Even though its work-stealing scheduler provides the basis of most modern multicore-programming environments — Cilk++, OpenMP 3.0 tasking, Intel’s TBB, Sun’s Fortress, and Microsofts TPL — the original Berkeley white paper completely fails to mention Cilk (although Cilk is mentioned briefly in the revision). This technology was recently spun out of MIT to Cilk Arts, Inc. Cilk++ (for C++) is now available in open source and contains many improvements over the C-based MIT technology. For example, the race-detection technology for Cilk and Cilk++ provides the only provably good strategy to date for ensuring the absence of race conditions.
Although the biggest challenge for multicore software remains education (including combatting ignorance), numerous applications have been programmed using Cilk/Cilk++ by programmers with ordinary skill, and it is being taught at dozens of universities. Cilk has been my research for over 15 years, and although I regret having to toot my own horn, I ask that you and readers of your blog check out this technology for yourselves at http://www.cilk.com.
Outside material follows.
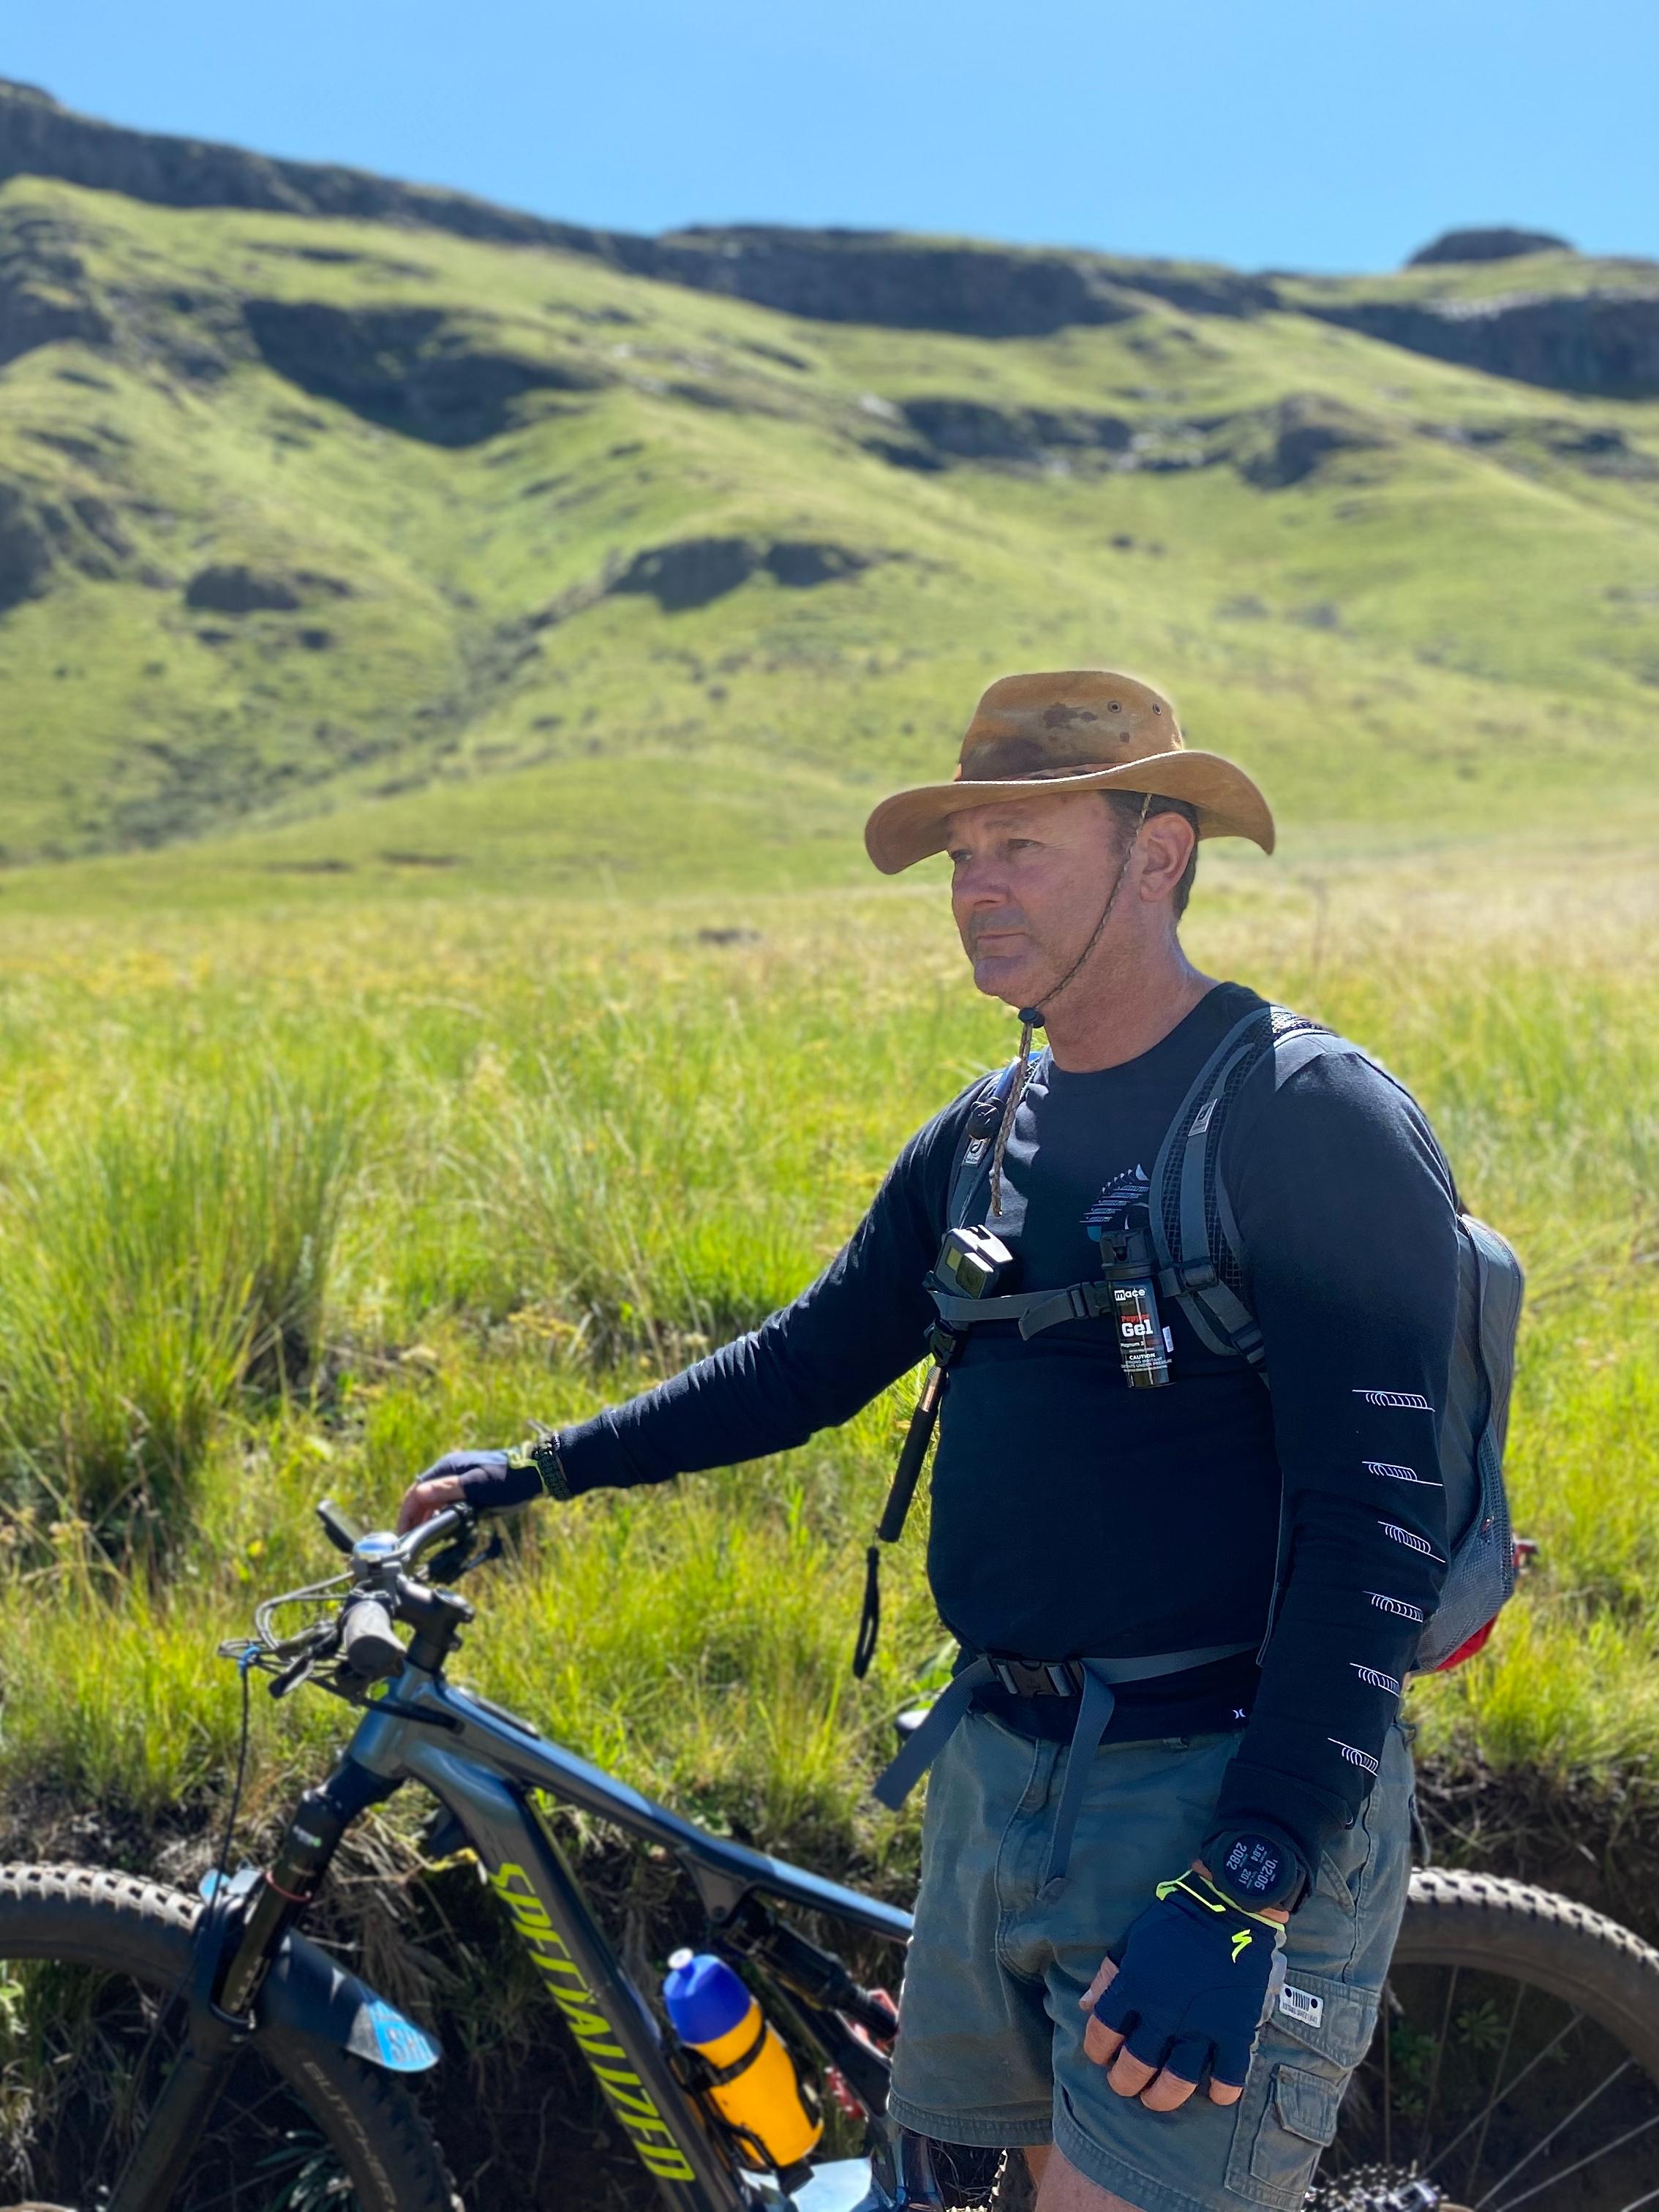 Cautand Bike Bike.)

I also encourage you to read my short e-book, “How to Survive the Multicore Revolution (or at Least Survive the Hype)” at http://www.cilk.com/multicore-e-book/.
Comment by Charles E. Leiserson — March 28, 2009 @ 3:48 am
Hello Charles,
I always believed that ignorance is a shared responsibility between the ignorant and the one who “knows”. IMHO it is the case of parallel programming (and I’m not “blaming” you in this case :-).
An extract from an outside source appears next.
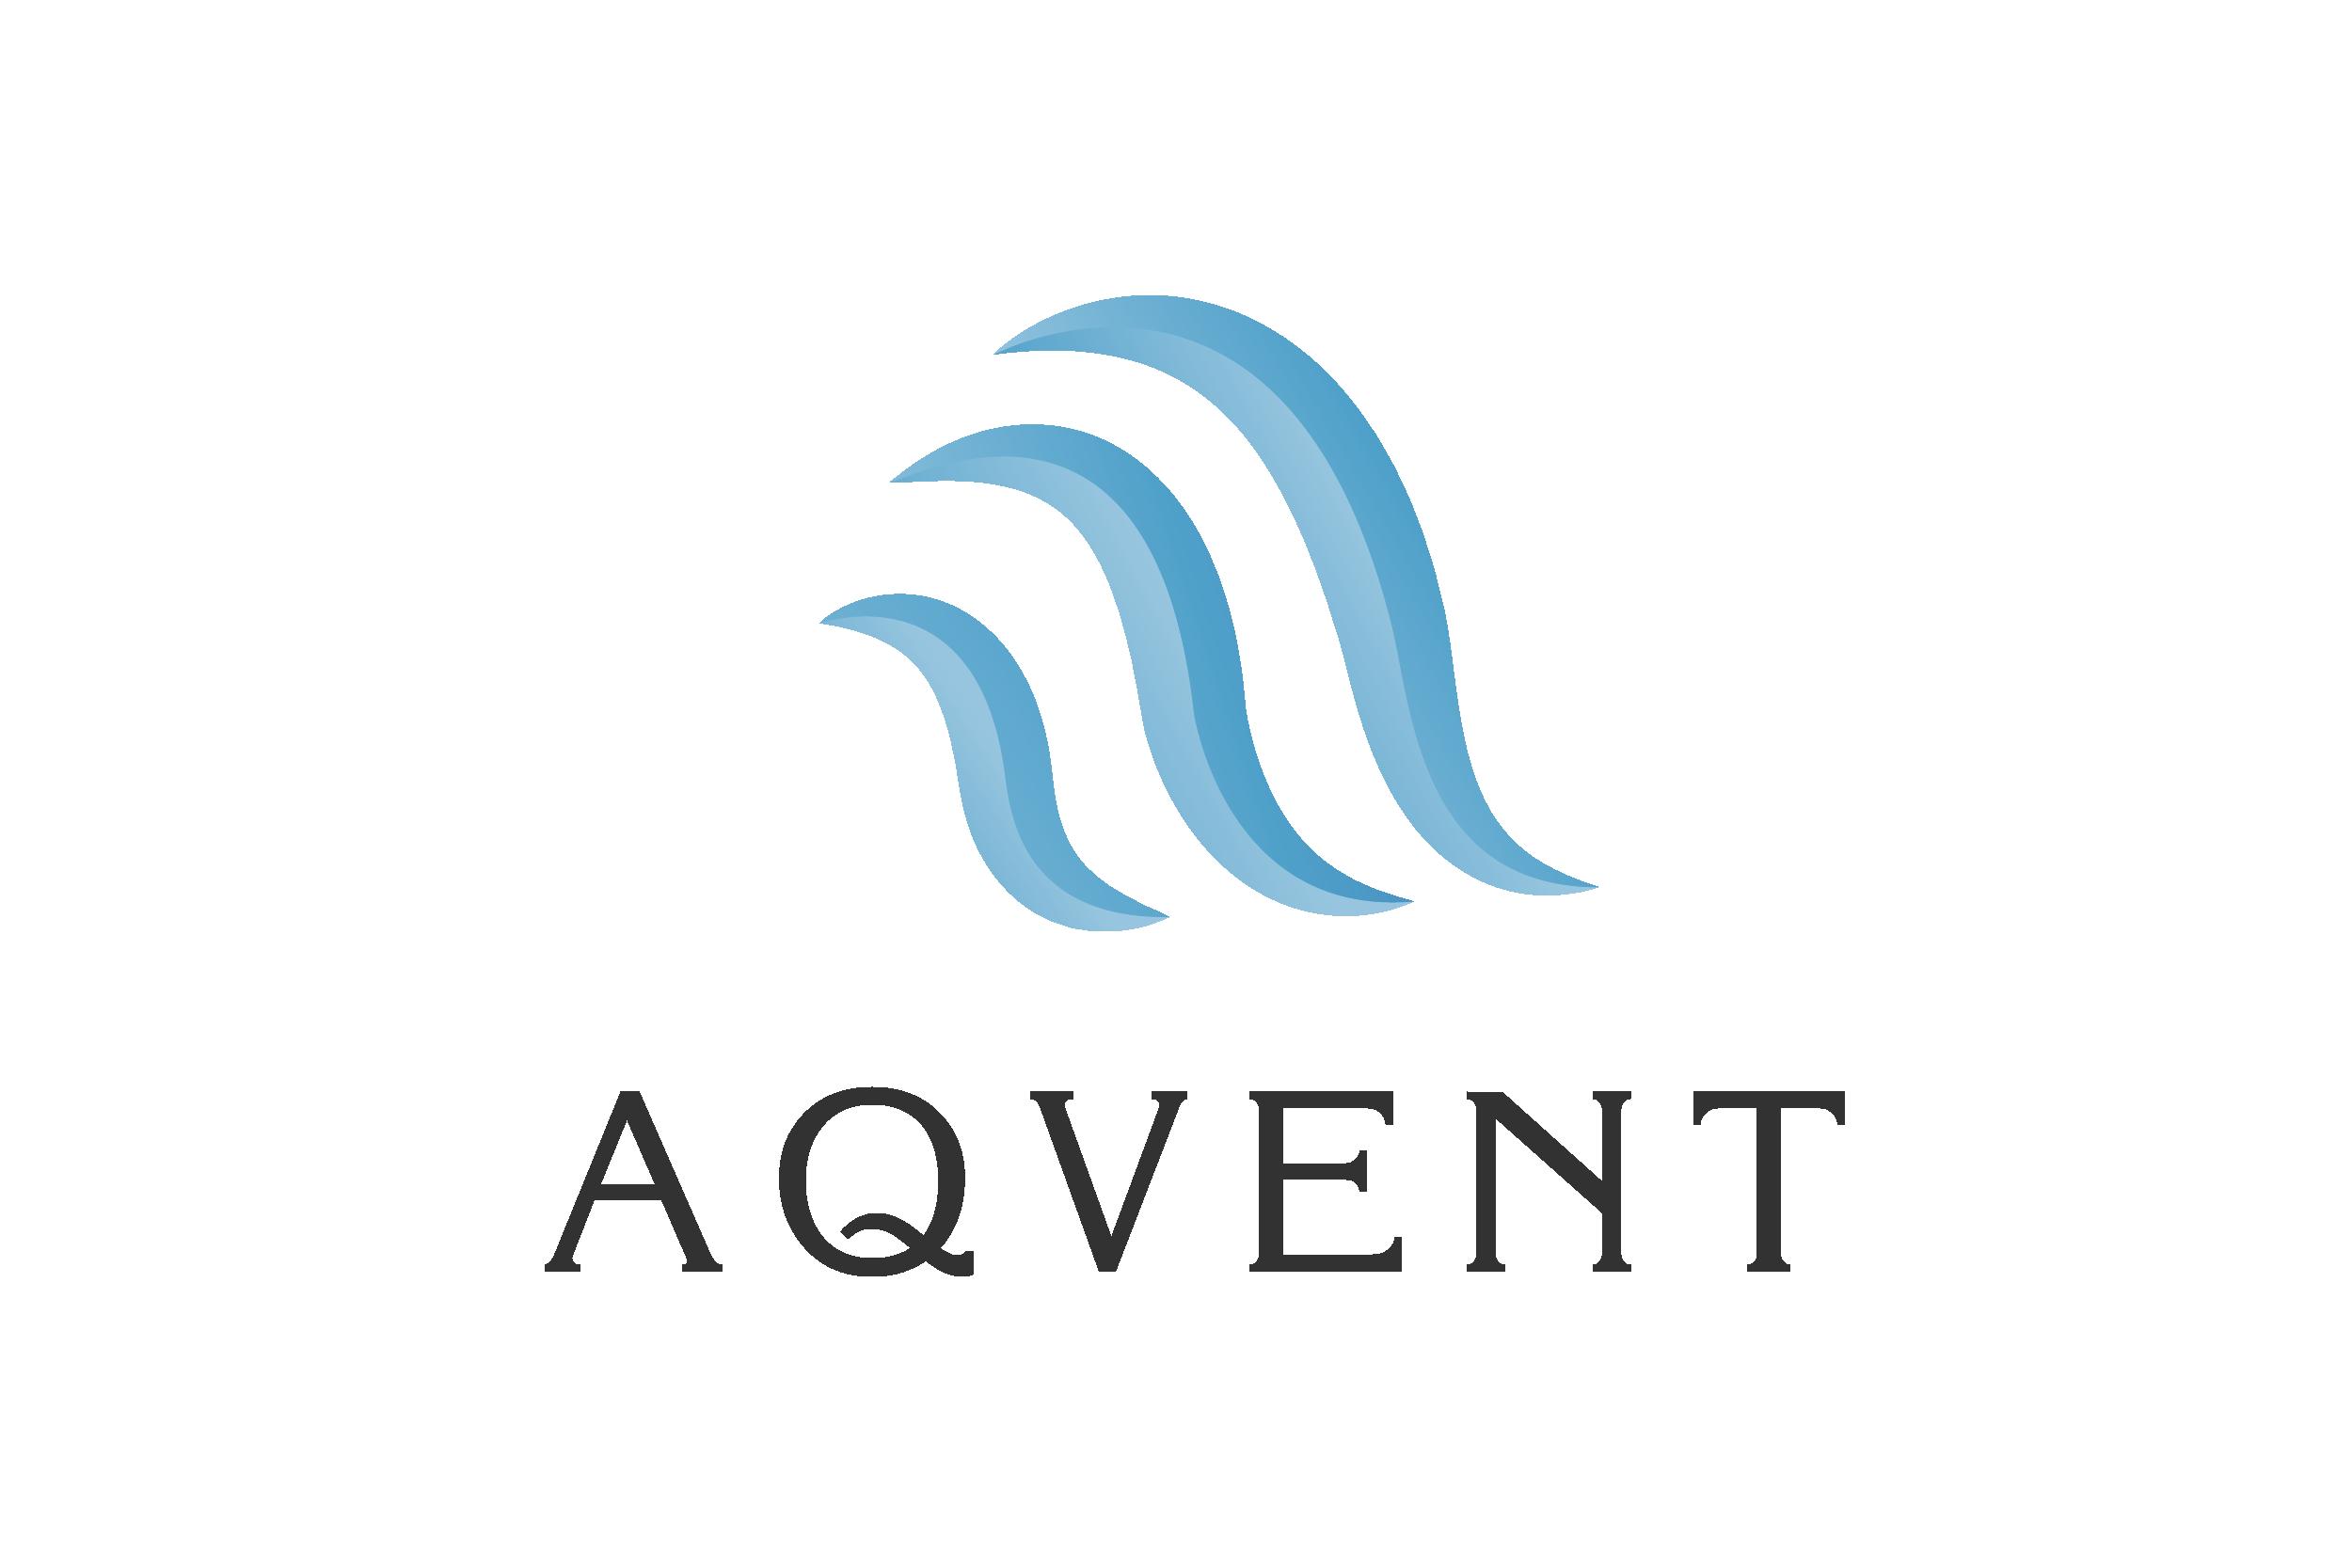 Логотип AQVENT фото f_481528d0a530ef7b.png

I’m a “recent arrival” to the world of PP, and day after day I am more surprised that how people has mixed impressions about it. It is just about general information, and watching what it’s happening around, to realise that PP is part of the solution, not of the problem.
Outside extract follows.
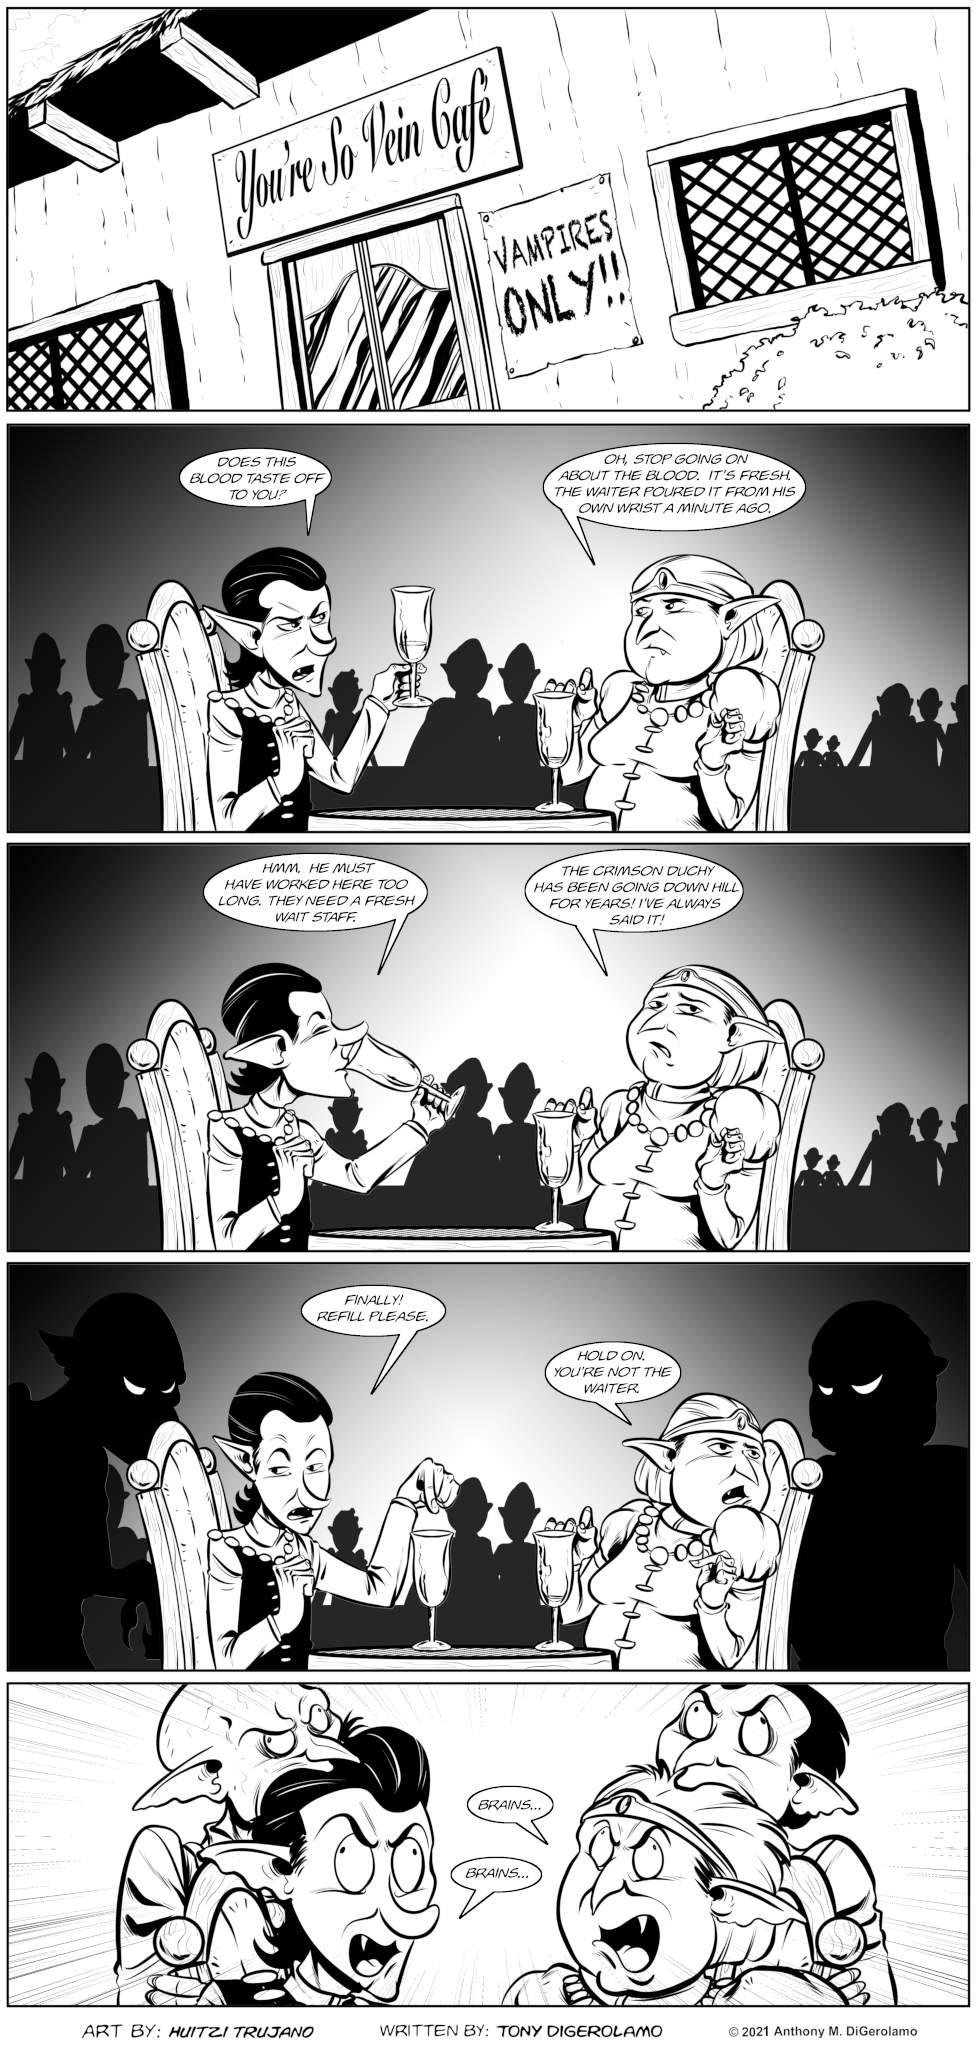 Pandamodium: You're Not the Waiter

We met in Santa Clara in Multicore 2008, and also Ilya lectured me extensively about Cilk… Probably once my friend Dr Zhiyi Huang is back in Otago University, will learn more about the most recent developments of Cilk.
I will appreciate if you comment more about Cilk++ as open source: how has been received? Who has been using it? What for? Only in research environments or HPC?
Nicolas Erdody
Comment by multicoreblog — March 28, 2009 @ 5:22 am
I was listening to a Swedish diplomat “permanent resident” on a Taiwanese newscast. If we cannot provide a more seamless integration of business and university, we probably will not foster a viable software model. The diplomat spoke of environmental factors for development of new technology, and a safety net for the entrepreneur who risks failure in the encounter with challenging accomplishment.
Isn’t this a major issue? Can we agree to allow the universities to communicate freely with the demands of the marketplace? The billions of dollars poured into Chinese software development by MS dwarf the petty Berkeley funding, though Northern California birthed much of computing, AND STILL has the brainpower to go forward, if we allow it to proceed. Look at the gamesters development in North Carolina and Canada. These folks are doing amazing work, and the old guard better beware, lest we lose what is left of our “edge” to petty squabbling.
Leadership comes through vision such as Jobs or Gates (and in some cases through ruthlessness), not through individuals who squabble for their piece of scrap. I think of the words of Peter Marshall: “We pray for this land. We need Thy help in this time of testing and uncertainty, when men who could fight together on the field of battle seem strangely unable to work together around conference tables for peace.” Unfortunately, a unified effort may not (has not) come in time to avert economic and national disaster. We worry about saving some smelt when China chokes, murders, pollutes, represses, and builds grand, and brand new cities beneath its foul air.
I am concerned that Mr. Gates and Mr. Buffett may have lost sight of the needs of our nation under a misguided, over-emotional, noblesse oblige. The extraordinary sacrifices of common Americans to provide an environment for their business is lost in the short-sell, short-shrift, immediacy of lack of business ethics. Nixonian/Clinton engagement is met with the knowing smile of those who are suckering the American power. And we play, when we should pray, and repent.
Of course, the cogniscenti might demur. But we may need to crack through the stubborn egg(heads) to realize a new model. I like scrambled eggs–they are a good way to start a new day. And in the new day, with the new pay (and new paymaster), some of the cogniscent might jump on board, when they realize that their ship is sinking. (Or they will go down, squabbling still about the arrangement of deck chairs.)
Comment by Steven Hines — June 12, 2011 @ 1:24 pm